Наряду с другими персонажами в книге одну из главных ролей играют сундуки и шкатулки. Они давно и прочно заняли место в литературе: упоминаются на страницах древнерусских летописей, в более поздних литературных произведениях, а также в западноевропейских иллюстрированных рукописях. Серьёзные учёные посвятили свои работы смыслу и роли сундука в произведениях русских писателей. Например, в статье К. В. Анисимова рассматривается символическое содержание сундуков и шкатулок в произведениях Ивана Бунина. Первые, по мнению учёного, являются «отправной точкой для запуска механизма памяти», а вторые «с большей результативностью становятся сопричастными памяти как явлению духа». Таким образом, очередное появление сундучных изделий в литературе не должно удивлять.
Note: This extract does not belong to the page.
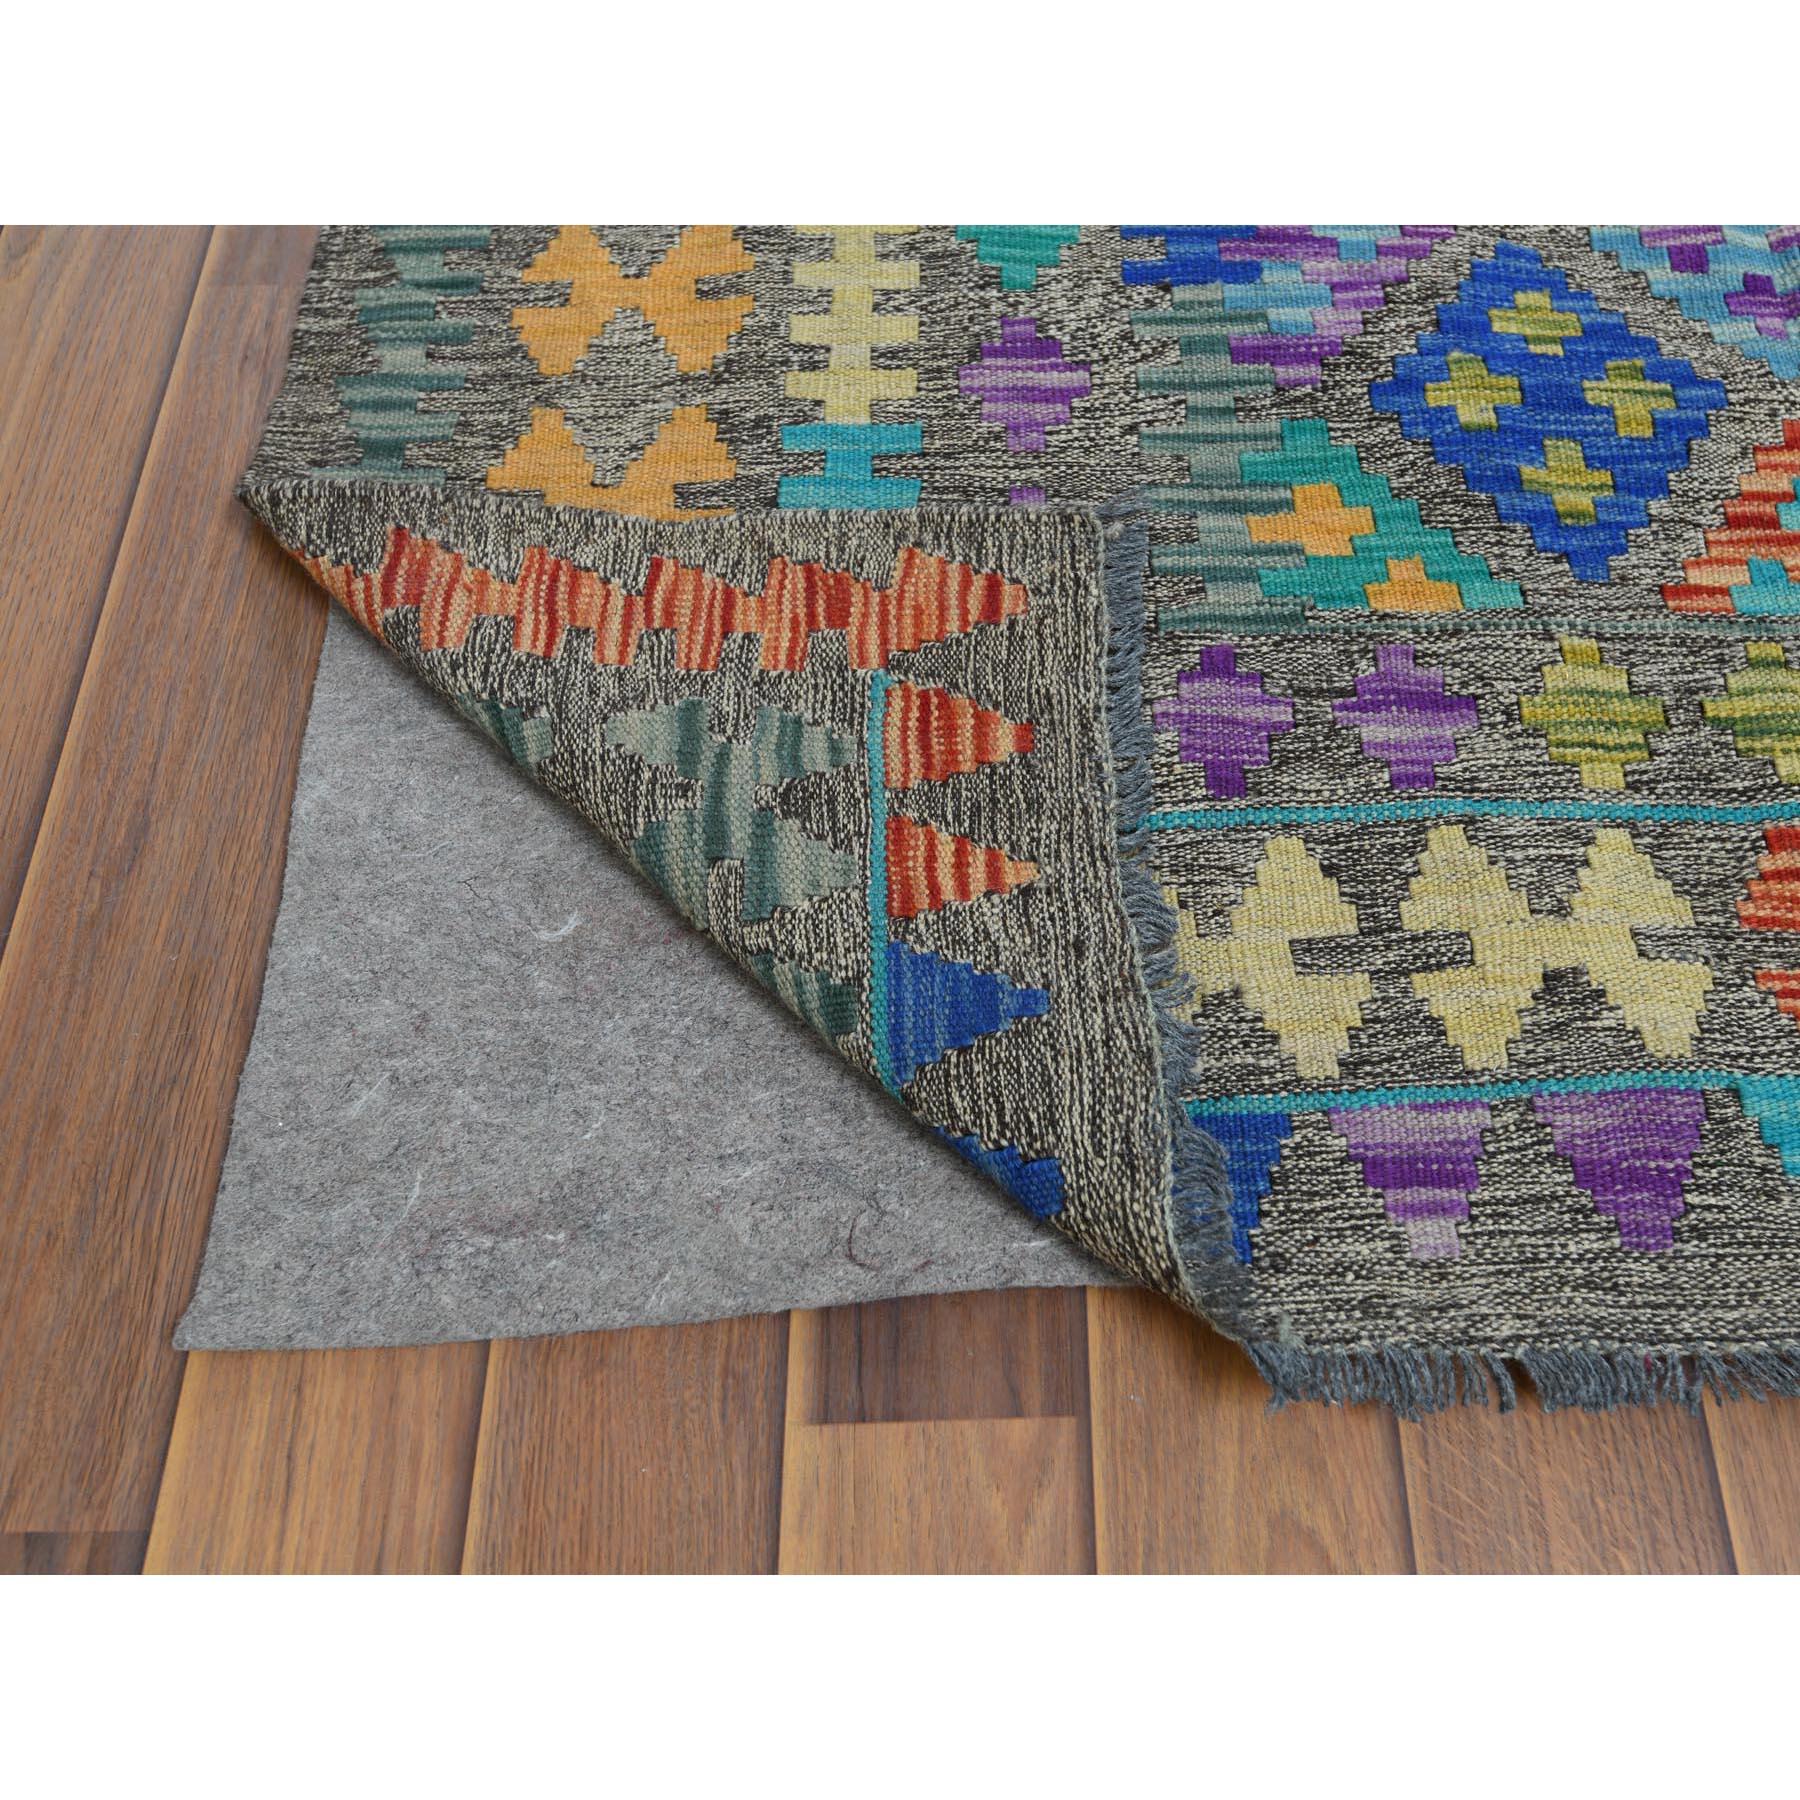 "8'7""x11'8"" Hand Spun Wool Colorful Afghan Kilim Nomadic Design Hand Woven Oriental Reversible Rug"
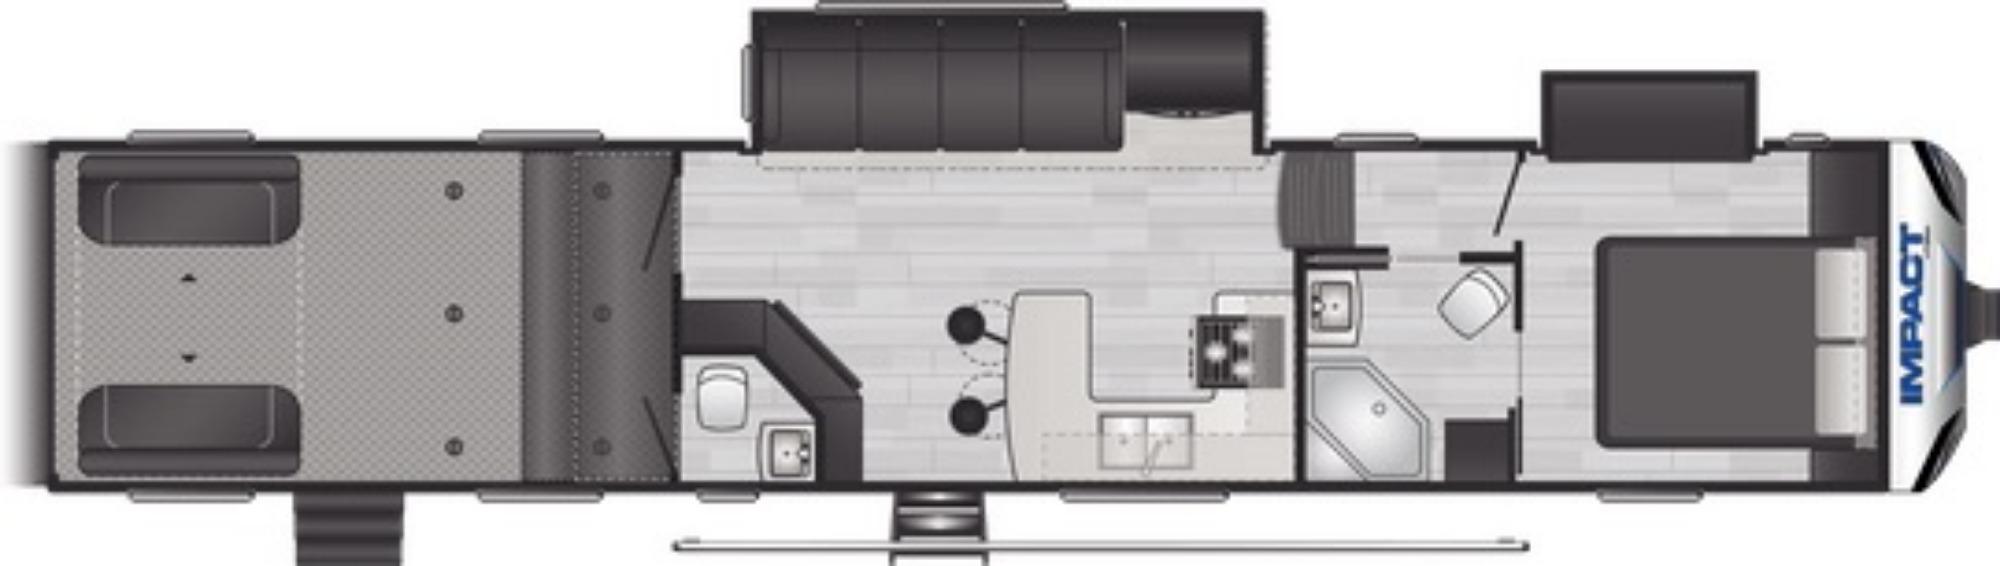 View Floor Plan for 2021 KEYSTONE IMPACT 415

В заключение надо отметить, что одним из принципов, на которых построена эта книга, является правдоподобие, максимальное следование описываемым реалиям. Поэтому все имена не выдуманы, все совпадения не случайны.
Насмешка Афродиты
Когда-то давно старая бабка-повитуха, которая имела репутацию колдуньи, сказала: «Нет, ты счастливым не будешь. Не в своё время родился».
И вот теперь, через два с половиной десятка лет, он всё более и более убеждался в её правоте. Многое изменилось в жизни: он давно переехал в город N, прочитал много толстых книг, получил множество разноцветных дипломов. И даже начал с тоской осознавать, что приобрёл привычки жителя мегаполиса. Одно оставалось неизменным – правота старой колдуньи. Он уже не раз вспоминал её слова, приводил множество аргументов в доказательство их полной несостоятельности (самый веский – наличие за окном «века прогресса и технической революции»). Но, увы, – он опаздывал на автобусы, садился на свежеокрашенные скамейки, вставал в лужи, терял деньги, рвал брюки…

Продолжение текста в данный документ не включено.